Wednesday, July 25, 2012

Ironman Arizona 2012, Let it Begin

I have attempted to set up my training as the textbooks say, but I have never been successful. I have written weekly plans with specific dates and have not been disciplined enough to follow them. Usually, I can put together a rough workout schedule, but this year there was something different. A little 7 pound 2 ounce beautiful baby boy named Daelen entered the picture. He decided to enter the world 5 weeks early and come May 27th instead of June 30th. I found myself fairly busy playing catch-up: putting together baby swings, buying burp cloths and attempting to find out where the owner’s manual was for this little joy.
Daelen Mathew Peele still i the hospital and 1 day old here

In all of the chaos, I failed to get a workout in for almost two months.
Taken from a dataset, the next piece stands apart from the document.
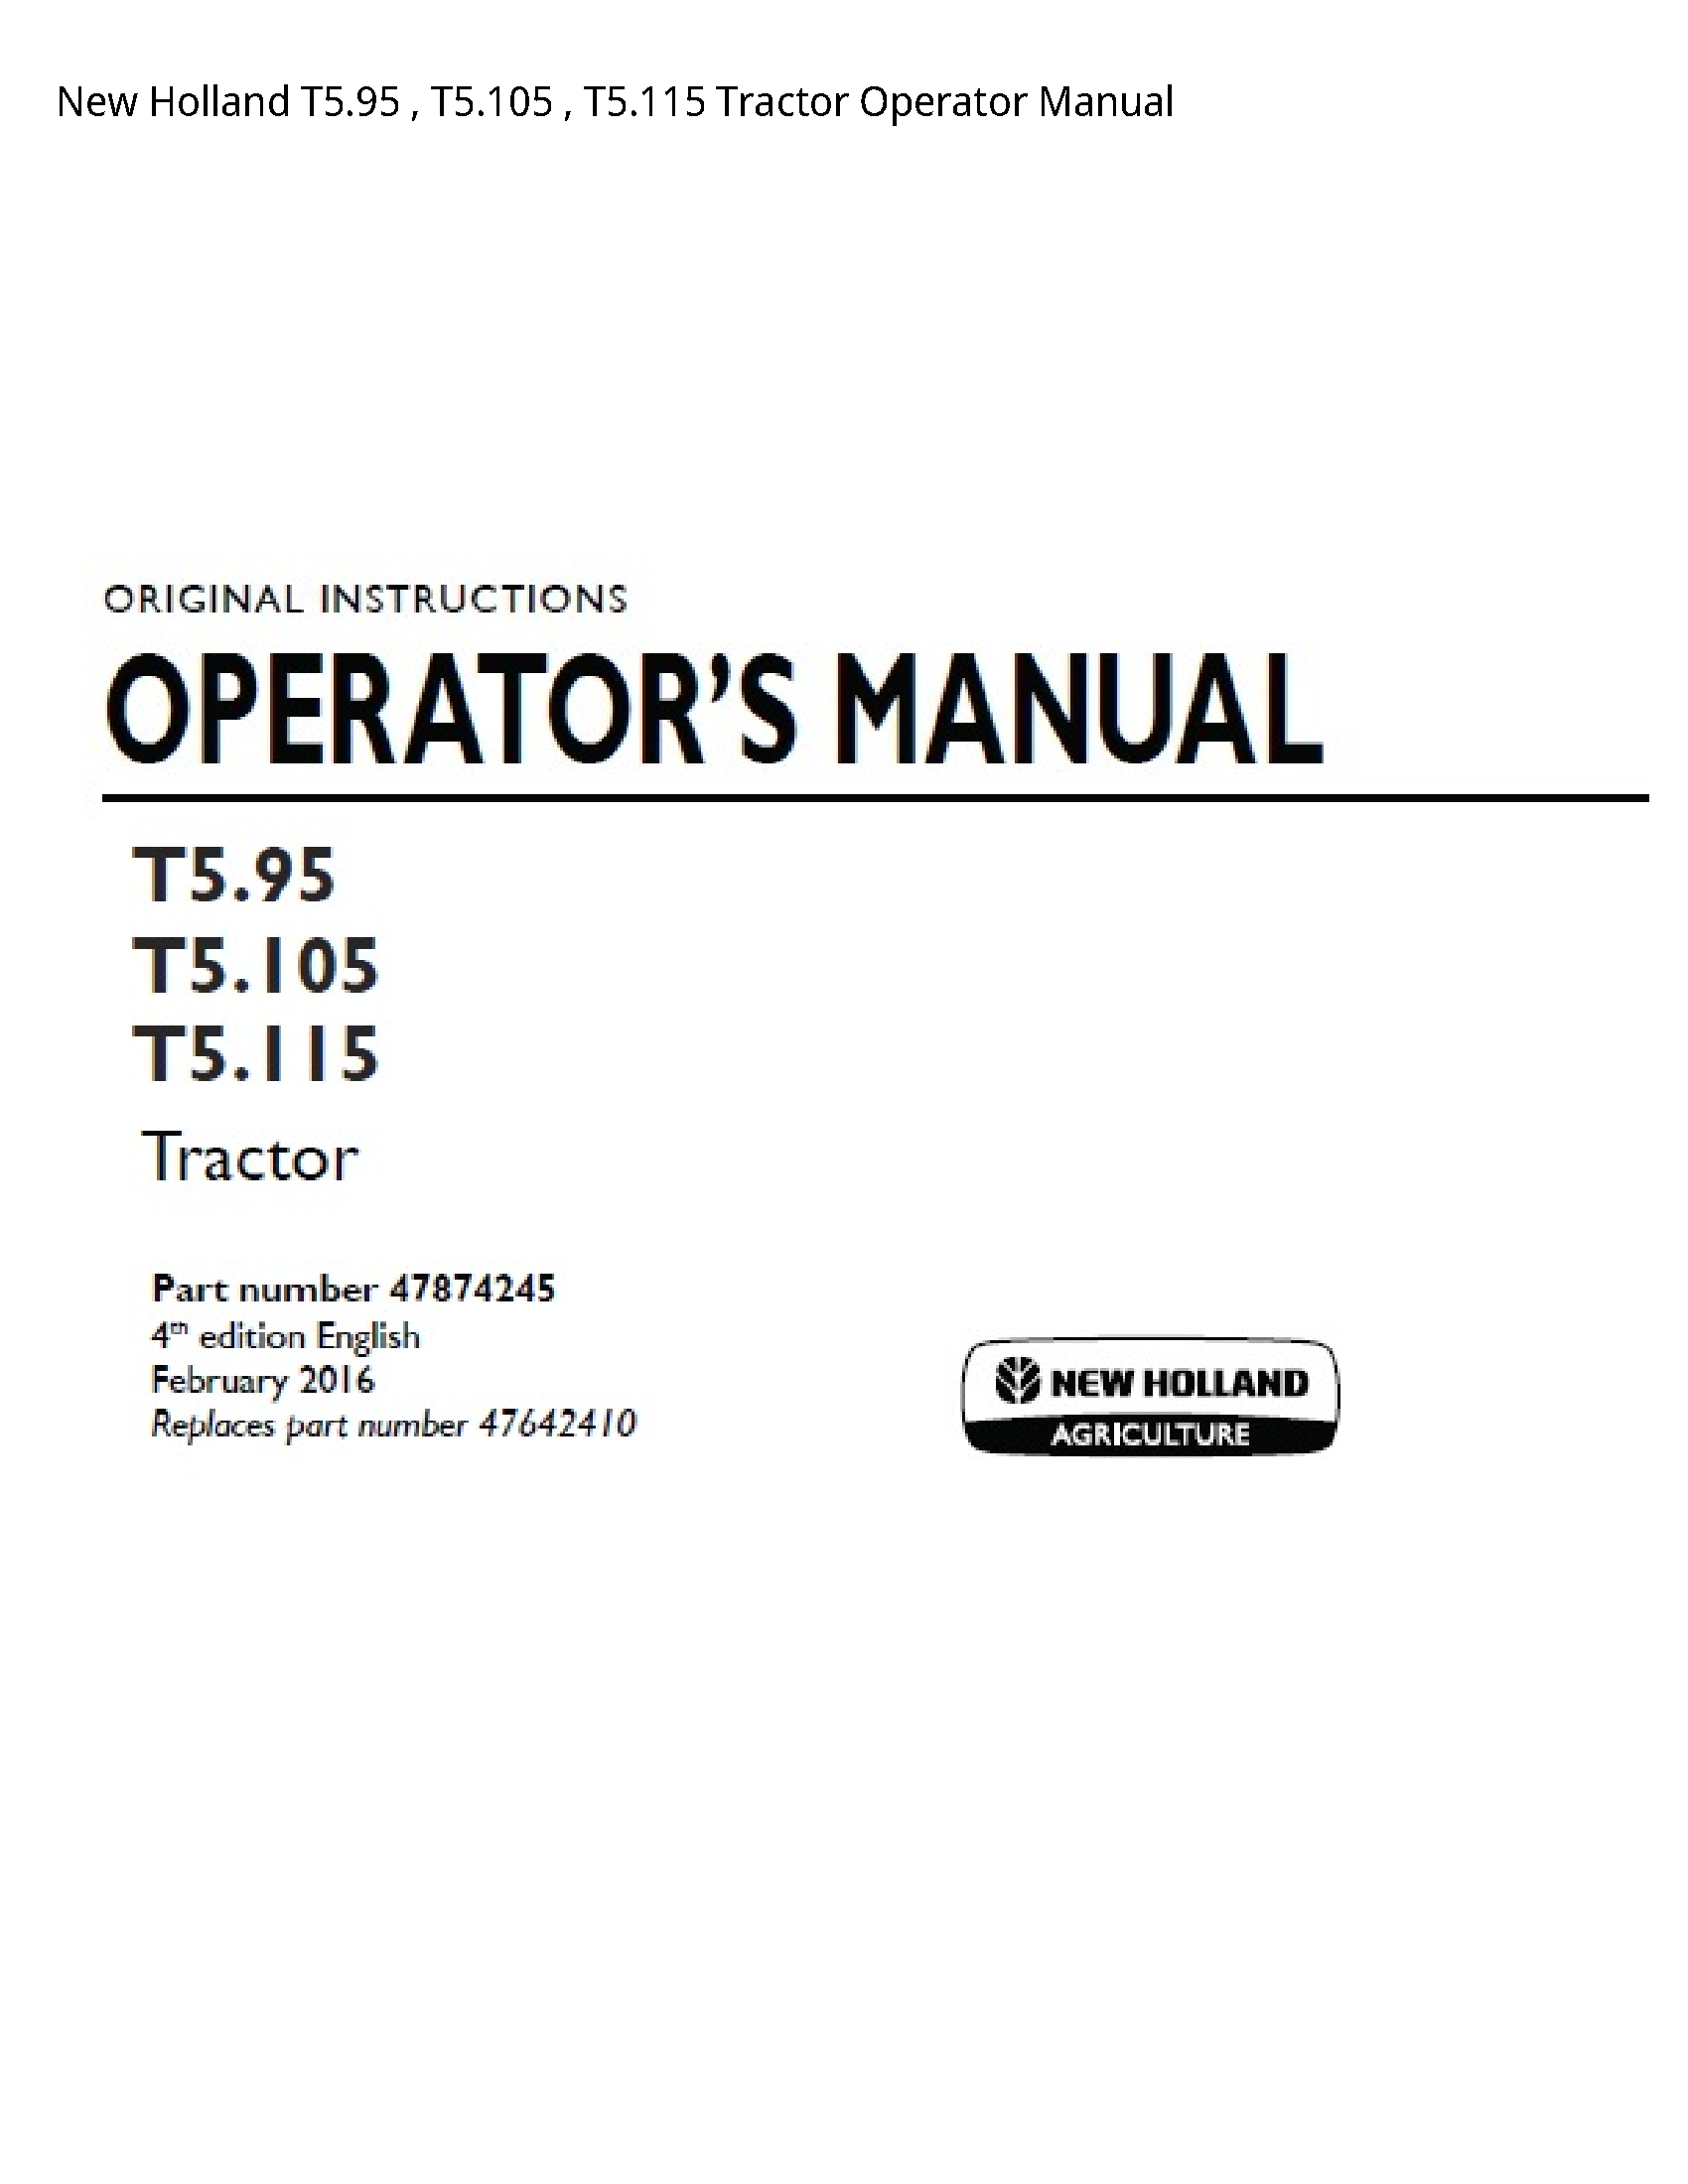 New Holland T5.95 Tractor Operator manual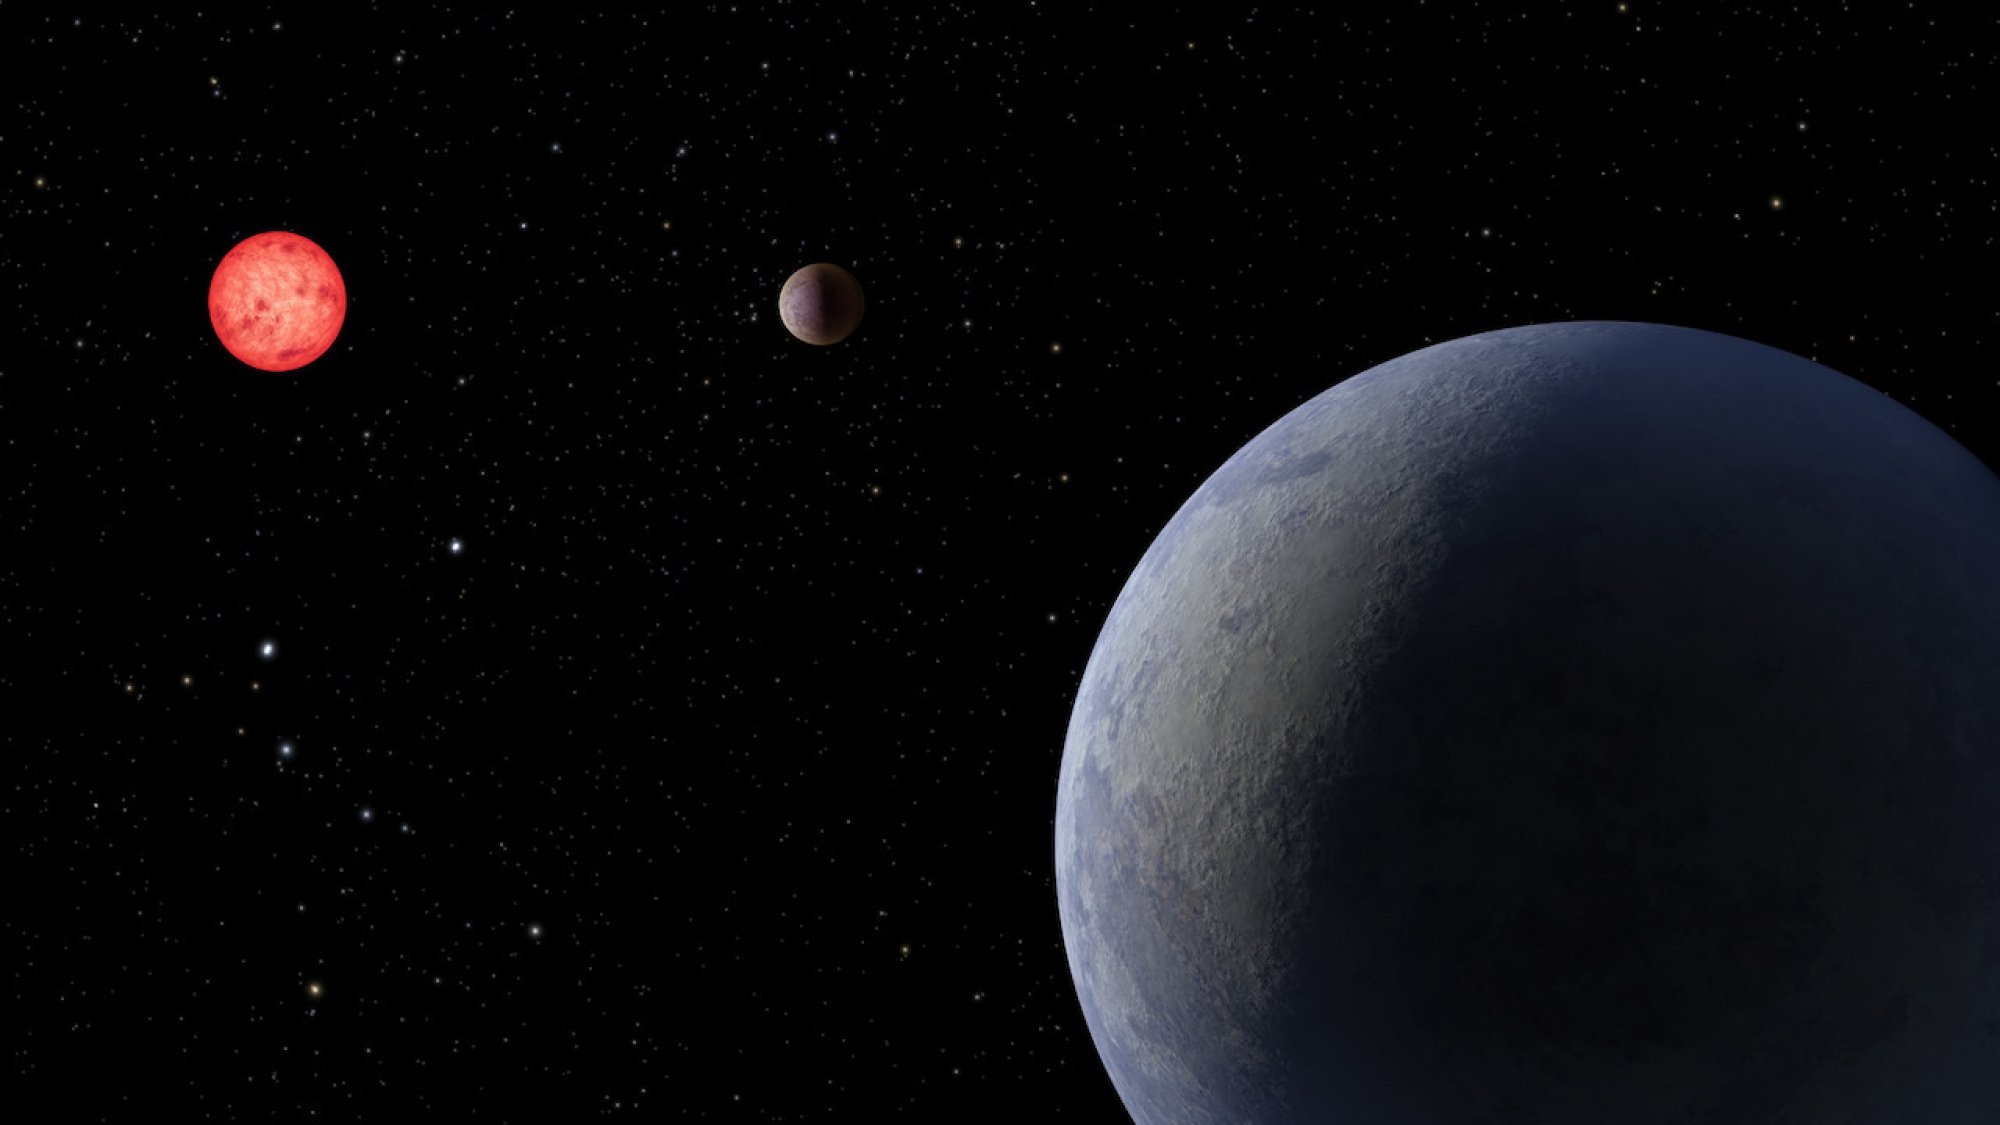 on right, a bluish Earth-like "super-Earth"

A week and a half ago, my “I have to complete an Ironman in four months” alarm went off, and so far I am in my most disciplined training set of days in memory. This has not been an easy thing with work and my wonderful wife still on maternity leave with Daelen. I swam 4 times, ran 4 times, and biked on a trainer 4 times. My swims have progressed from 5 sets of 250 yards over an hour to 2500 yards in 50 minutes. My run has progressed from a 100 minute 8 mile run to a 79 minute 8 mile run. The bike has gotten easier and my breathing is starting to adjust with my renewed cardio. I am working on core exercises every time I swim, and I even hit LA Fitness on the way home from work yesterday after an 11 hour duty day with 4 flights.

There is one other important detail to note here. I do not have my trusted training partner to push for the same goal as me. When I was unable to do Ironman Coeur D'Alene, I missed out on the last chance for the year to do full Ironman training with the Firefighter. This means it's time to grow up and commit to training solo. I'm actually excited for this. On long workouts, I have a lot more to think about with my family and little boy and football season is coming up so I can listen to fantasy football podcasts. I have always depended on training with others, but on race day you are by yourself. Hopefully it is going to prove invaluable to have done a lot of the workouts that way.

My plan is simple and with a specific focus. I will do my best to only have one true rest day a week until November. I will swim at least once a week working towards getting my 2500 yard time into a 1:05 Ironman pace. I will focus my running on getting 8 to 10 mile runs under a 9 minute pace and I will keep working on getting stronger on the bike while working on my core. This is until September. From then on I will keep doing the same kind of swimming (maybe increasing to 3000 yards per workout) and then spending 2 months building distance to marathon and 112 mile bike range. I don't think this is the best way of doing things, but it does me no good to increase distances when I am only now getting a handle on these short workouts.

I weigh 195 pounds right now (down from 200). I am hoping to thin up and put absolutely zero emphasis on weight training. This will help me get lighter and stay as fresh as possible for my workouts. I will keep you updated on how this plan works out. I have never waited this long to start from a zero base and not one of my workouts this last 10 days or so has felt easy. They say sprinters can run long distance, so I'm hoping working harder on these shorter workouts for another month very hard will help that prove true. Eight miles is no sprint on the run, but next to a marathon it might as well be. As a reference, I’m using a new book I'm reading: Triathlete Magazine's Essential Week by Week Training Guide: Plans, Scheduling, Tips, and Workout Goals for Triathletes of All Levels by Matt Fitzgerald. This is a good reference, but there are no plans for my particular situation. For those of you thinking of doing a race, but like me are bad at coming up with a training schedule, this is a winner. It does an excellent job of helping for all performance levels and all distances.

Life never lets me attack one of these races the same way. My first Ironman involved a heart virus, my third a new job and a broken bike, this one a tight timeline and a baby Daelen. The finish line is worth the journey though. So as I said before, “Let it Begin."